Почти так говорил себе Лева, уже, к сожалению, отчасти перекашиваясь и умиляясь самим собою. И то, надо отдать ему должное, ни разу в жизни он еще не был так тонок, точен, чуток — так умен. В какую-то секунду Лева был истинно зрелый человек, с тем, чтобы забыть вскоре об этом на долгие годы, почти навсегда. Возможно, это было прозрение феноменального для Левы толка, опережающее опыт и потому ничему его не обучившее, хотя странно…

Потупляясь, с опаской вошел дядя Митя — Лева был прав. И, убедившись в этом, Лева жестоко встал и сказал: «До свидания, мне пора», — и именно в этот момент довольства своим умом и удовлетворения поступком, наверно, и был от него отнят почти навсегда опыт недавнего прозрения, как преждевременный, как незаслуженный.

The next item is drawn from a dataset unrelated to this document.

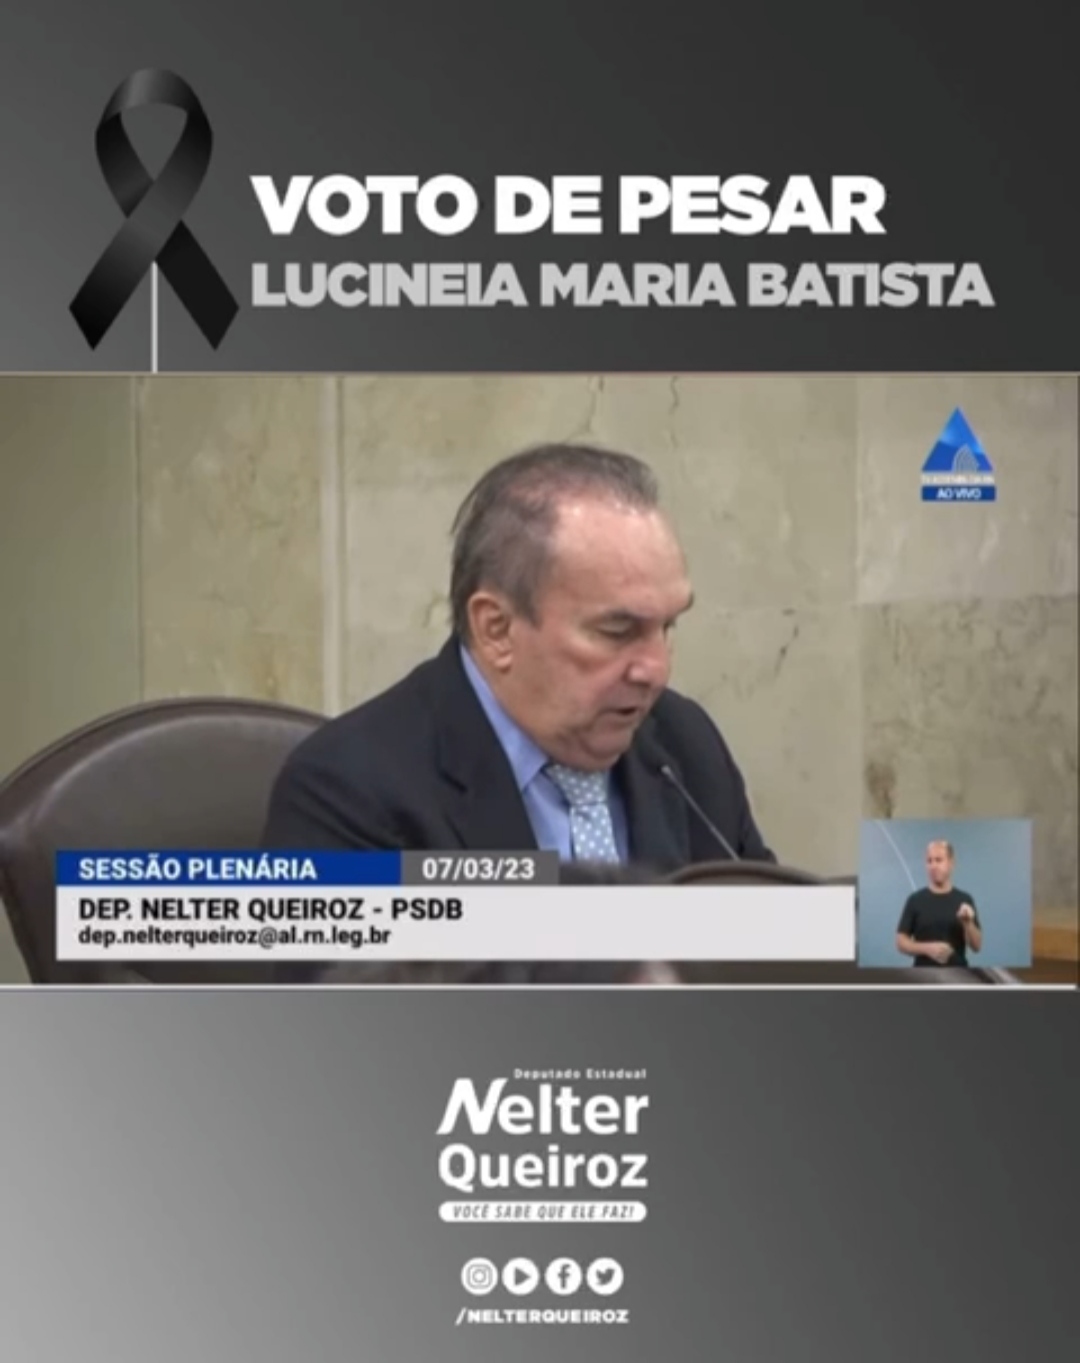 Deputado estadual Nelter Queiroz apresenta requerimento de pesar aos familiares de Lucineia Maria Batista(Vídeo)

Он уже получил награду свою…

Дядя Митя поднял на него широко, с каким-то внутрь себя светом удивления, глаза, посмотрел так секунду и ничего не сказал. Проводил до двери.

«Да и какой же он мне отец… Где ж ему быть и за отца, и за сына, и за святого духа? — криво усмехаясь собственной недавней глупости, как сам себе старшеклассник, говорил Лева. — Именно такой и должен быть мой отец, какой есть, никакой другой. И я его сын… страшно — но так… а дядя Диккенс — какие ж у него дети!., он же умер сто лет назад… Очки с ручкой».

И Леве казалось, что он перешагнул и дядю Митю.

Но это он преувеличивал.

Не мог же он себе представить, что дяде Мите могло быть стыдно… или противно не за себя?


Мы назвали главу «Отец», имея в виду, однако, не только отца, но и само время. Отец у нас вышел какой-то двойной: то он робкий, комплексующий человек, не умеющий даже сделать умело «идет коза рогатая» маленькому Леве; то он уверенно мерит сильными шагами свой академический, культовский кабинет, прочно чувствуя себя в эпохе. Но мы не считаем ошибкой это не с самого начала запрограммированное противоречие. Во-первых, и так бывает. Во-вторых, в этом романе будет еще много двойного и даже многократного, исполненного уже сознательно, и, даже если не совсем художественно, то открыто и откровенно.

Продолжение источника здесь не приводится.